By October 2007, lawsuits numbered over 20, with Trovata, Anna Sui, Harajuku Lovers and Diane von Fürstenberg Studio all filing suits against Forever 21 that month. At the time, Von Furstenberg had been lobbying Congress to expand standing copyright statutes to protect clothing designs. However, The New York Times then noted that "[2007 American law] does not protect clothing design from being copied (logos are an exception)," opining the lawsuits would be unlikely to end in verdicts against Forever 21. In 2007, Forever 21 was "permanently enjoined from duplicating DVF designs". The Trovata case was the only instance where the case was brought to a jury. After a mistrial, where five jury members sided with Trovata and one with Forever 21, Forever 21 settled before it could go to retrial. in May 2009. As of 2011, Forever 21 had never been found guilty and the majority of cases had been resolved through settlements. In 2011, the company sent a cease-and-desist letter to the owner of WTForever21.com, a popular blog which posted humorous opinions of the company's products. The letter "incensed online communities and was reported internationally as an example of intimidation by big business".

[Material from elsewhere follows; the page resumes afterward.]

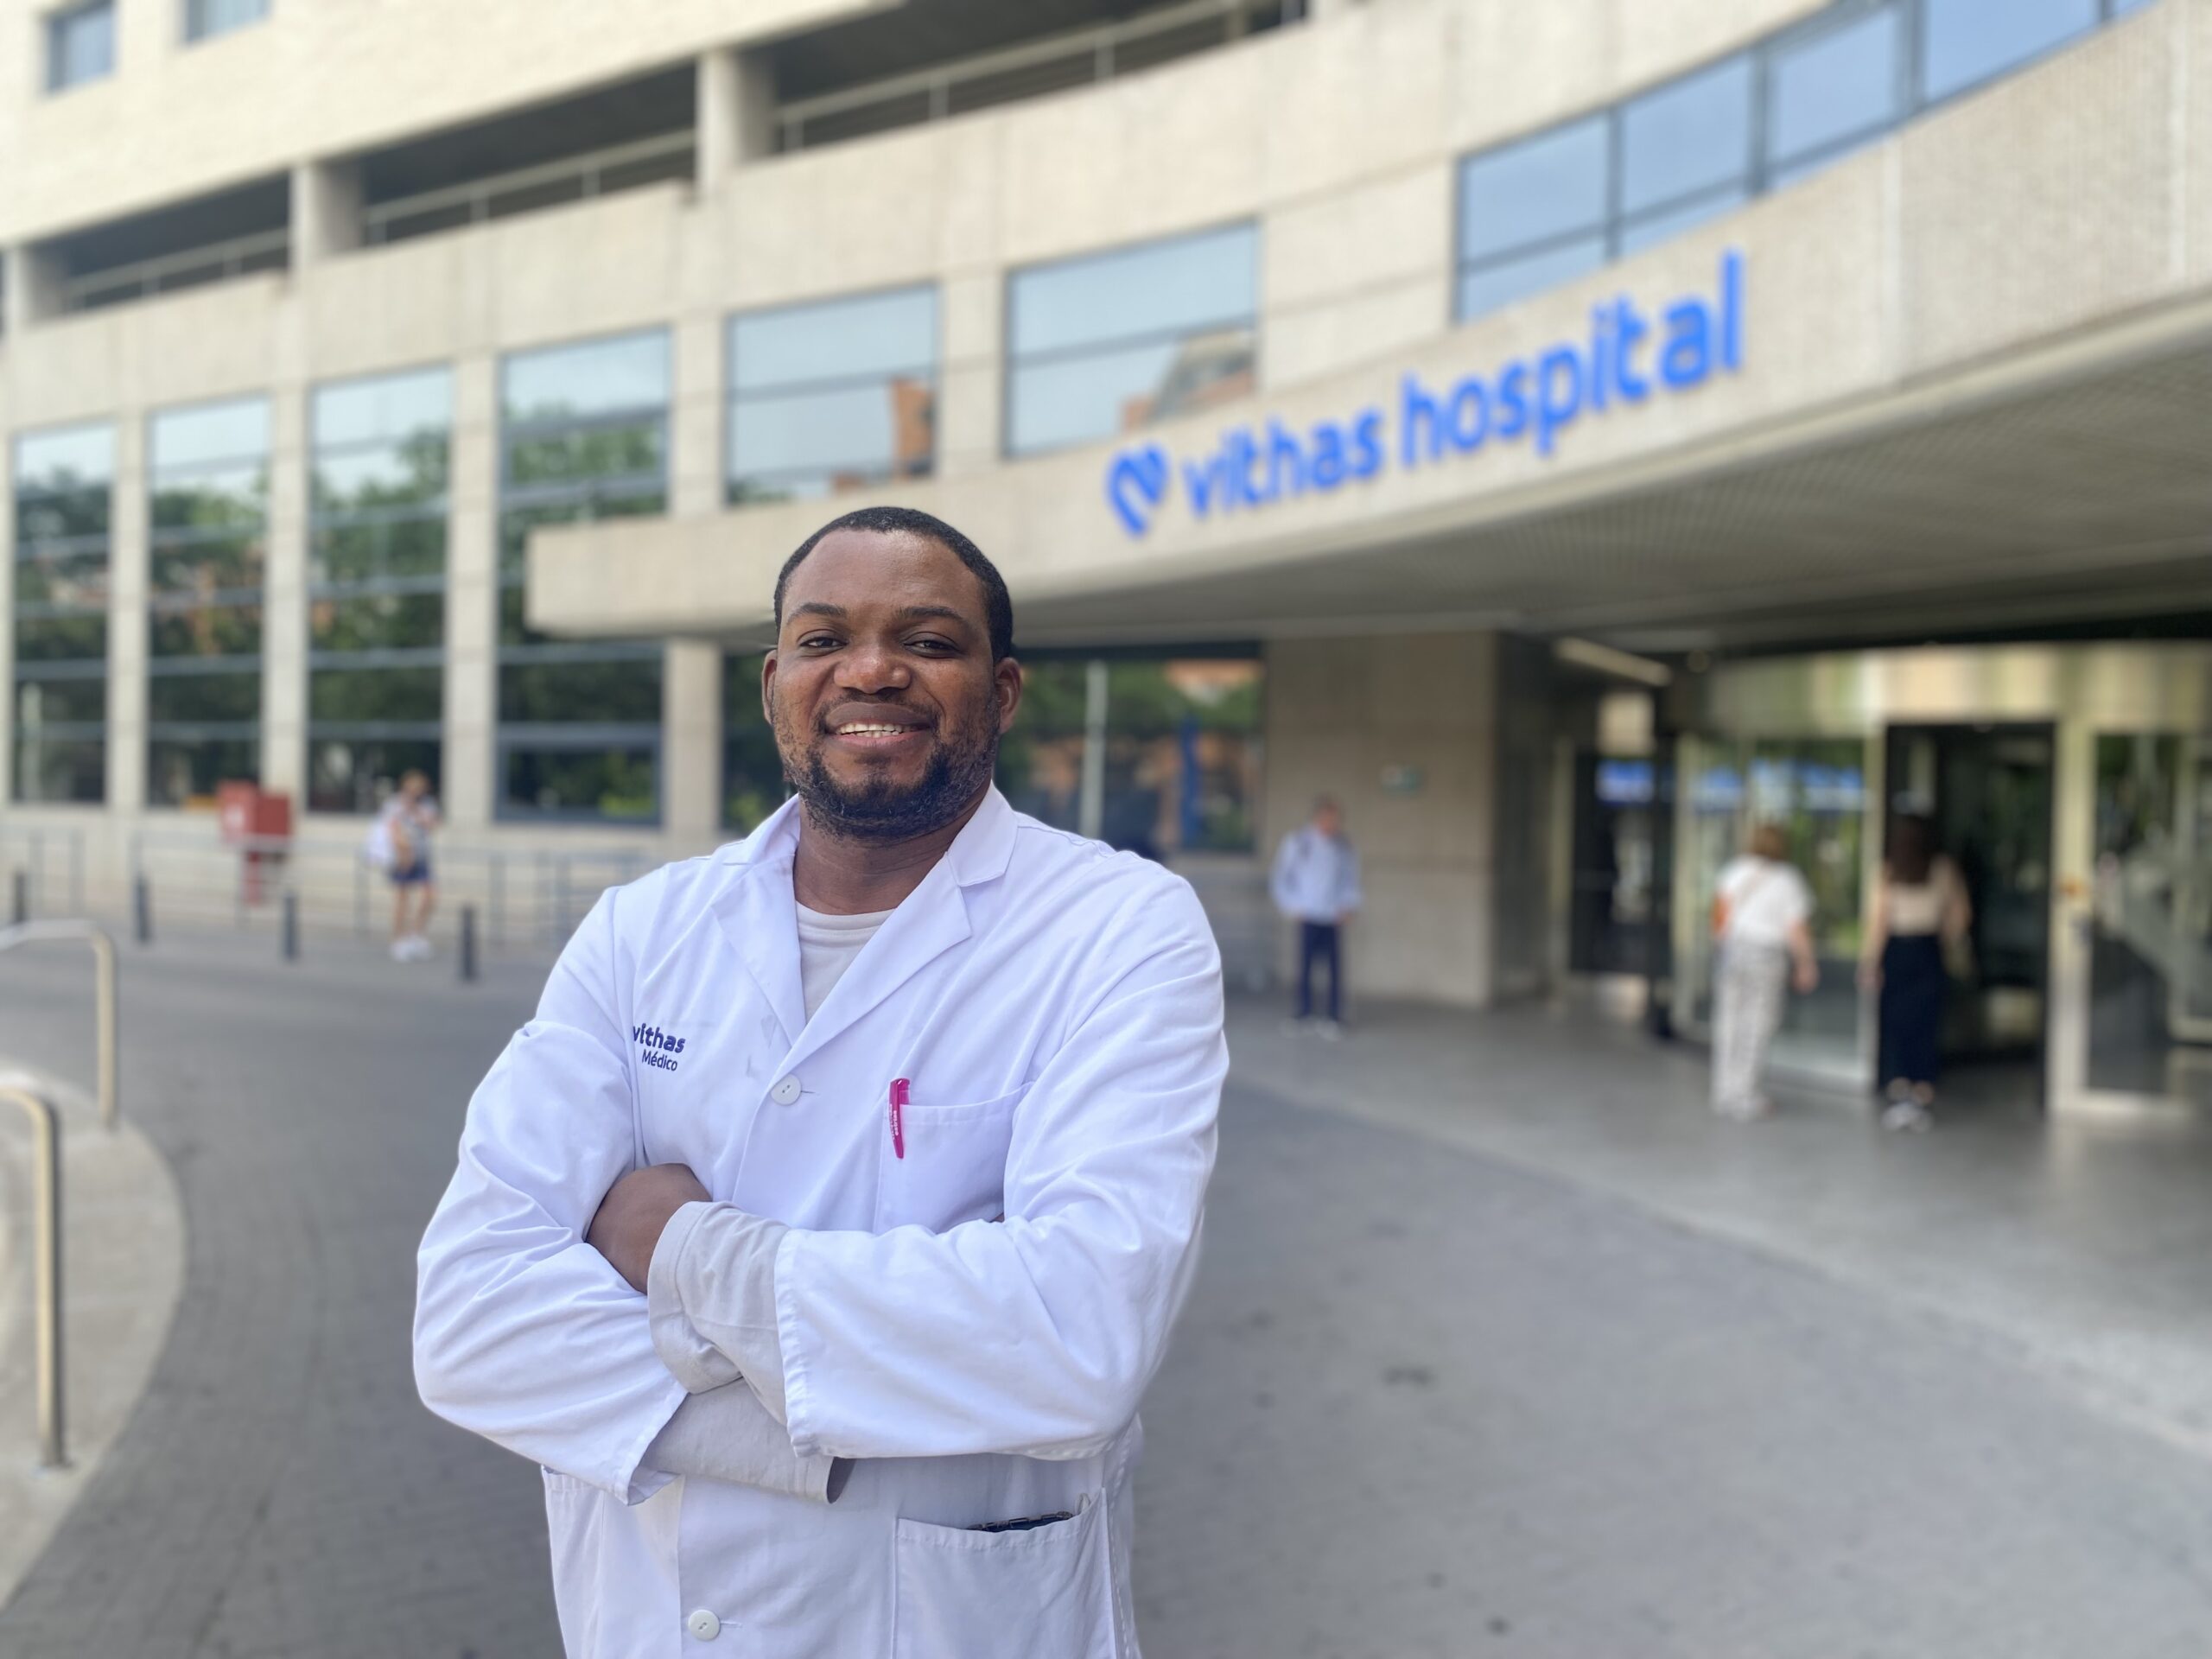 Un médico de Camerún recibe formación urológica en Vithas Valencia 9 de Octubre

On 8 January 2015, Canadian media reported on a local, family-owned business in Richmond, British Columbia, Granted Clothing, whose designer noticed that their sweater designs had been stolen and mass-produced for sale on Forever 21's website. In April 2015, both parties resolved the matter on "amicable terms", settling out of court. On 28 January 2015, the software developers Adobe, Autodesk and Corel filed a joint lawsuit against Forever 21 for allegedly using unlicensed copies of Photoshop, AutoCAD and PaintShop Pro, respectively. Asking for a jury trial, Forever 21 denied the allegations, accusing Adobe of bullying over online licensing fees, and asserting an "implied" license, as the software came bundled with other products. The case was settled in March 2016. In September 2019, American singer Ariana Grande accused and sued Forever 21 for $10 million for copying her style and likeness by dressing their models the same way in their photo-shoot from her music video of "7 Rings".

==Stores==
The brand operated stores in multiple countries. As of May 2022, Forever 21 operated over 600 stores, including, as of July 2022, 407 U.S. stores in 43 states, with the highest densities in California, Texas, Florida, New York, Georgia, New Jersey, Pennsylvania, and Illinois. The original store in Los Angeles remained in operation until 2020, bearing the chain's original name. Outside of the United States, most of its stores are franchised or, in some markets, operated as joint ventures with local partners. The average store size was 38,000 ft2.